RB: Not writing a novel...

RR: ...it’s not writing a novel.

RB: You are writing a sketch for what someone else is going to do.

RR: I’m one craftsman involved in a project that ultimately is not going to be mine in any real sense at all.

RB: Is the most challenging part of screenwriting writing dialogue? And that usually gets transformed...

RR: Yeah. One of the reasons I have gotten into writing screenplays — one of the reasons it’s a natural — is that dialogue is my strong suit as a writer anyway — so making that bridge is pretty easy.

RB: I want to get back to the painfulness in writing this book that you mentioned, but let's talk about Richard Yates first.
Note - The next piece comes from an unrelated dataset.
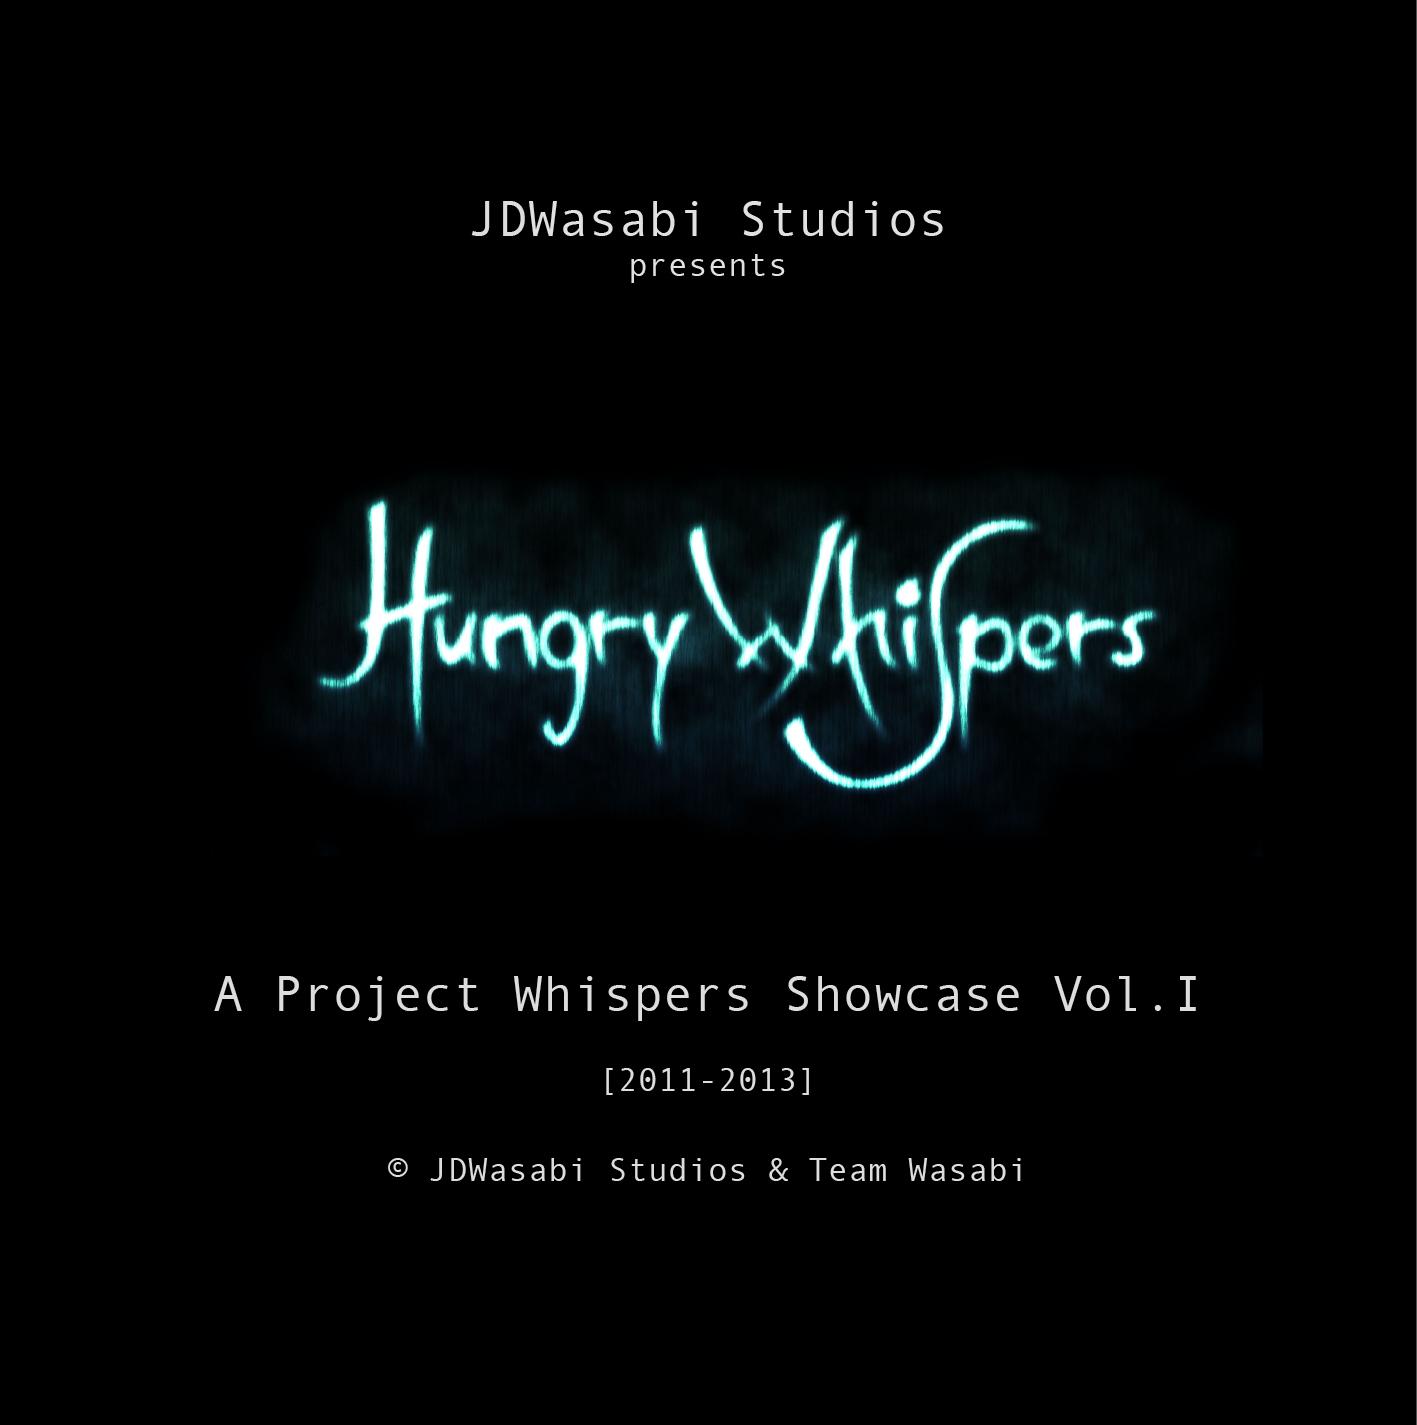 Project Whispers Digital Artbook Vol.1 by JDWasabi
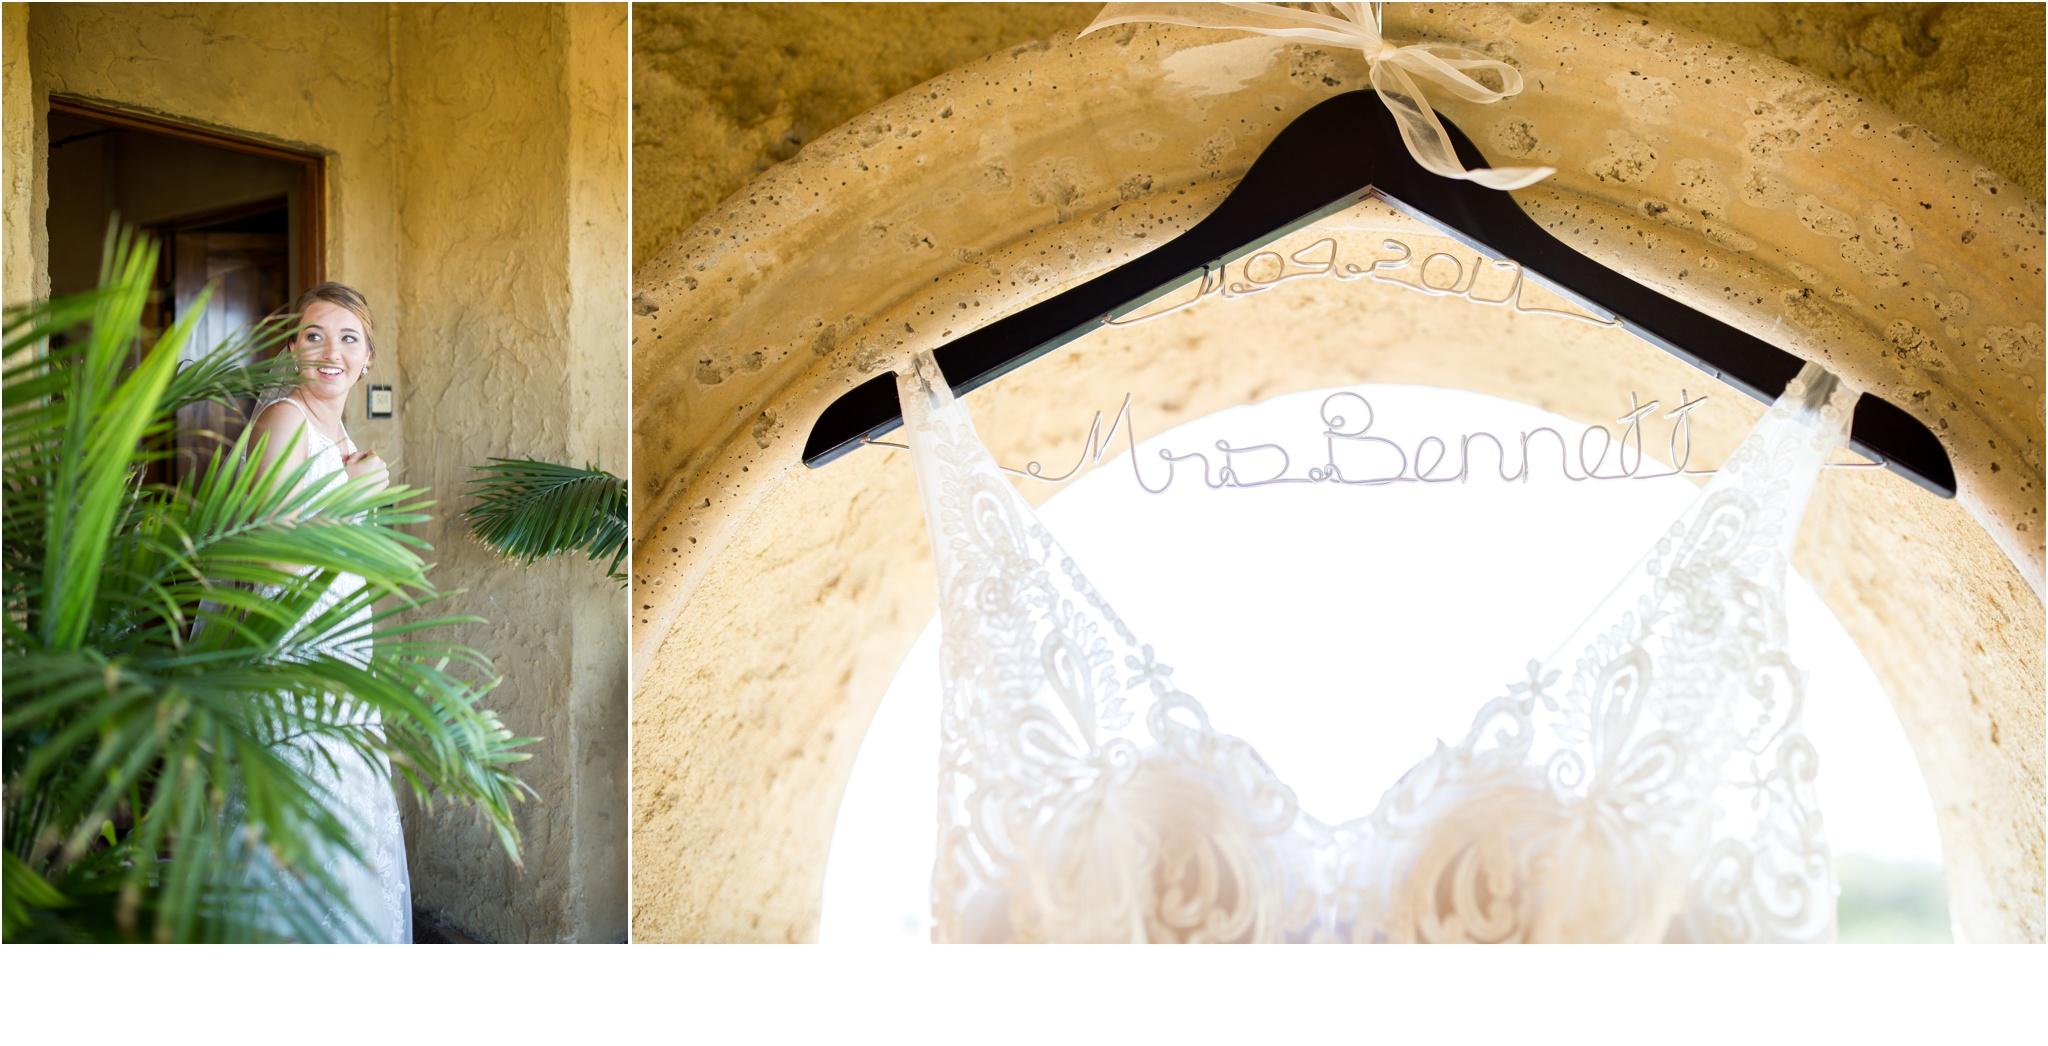 Rainey_Gregg_Photography_St._Simons_Island_Georgia_California_Wedding_Portrait_Photography_0639.jpg

What I know of Yates and what I got from your introduction to his Collected Stories got me to thinking about a seeming paradox of a writer appreciating a writer or being a fan of a writer, and even when that writer does not write like the person he admires. In this case that’s you and Richard Yates. There is no rule that you should write like people you admire, but still Yates, like Robert Stone, shows people in trouble who don’t get out of trouble. Also not your way.

RR: The thing that I would say about literature in general, the thing that I love most about it, is that when I’m in the world of a gifted writer I’m able to see that world through that writer’s eyes, not my own. I do love the work of a lot of people who are very different from me. I love Alice Munro’s work. Here’s somebody who can write one end of what turns out to be a twenty five or thirty page story in The New Yorker, sometimes without a single scene in it, with virtually no dialogue, in this gorgeous prose, pretty language. That in its astonishing grace — is just about as far away from the rhythms of the prose that I write, imaginable. Yet, when I’m in her world, I’m in her world. And the same way with Yates. What everybody says about Yates is that — I am such a cautiously but definitely congenitally hopeful person. My characters don’t so much get out of trouble as learn how to live with it — but Yates’ characters don’t even get that far. Yates’ characters go from bad trouble to worse trouble and end up in heartbreak the way moths go to flames. In very few of his stories is he ever able to achieve the kind of marginal hope that I arrive at in just about everything I write. So it is strange in that way.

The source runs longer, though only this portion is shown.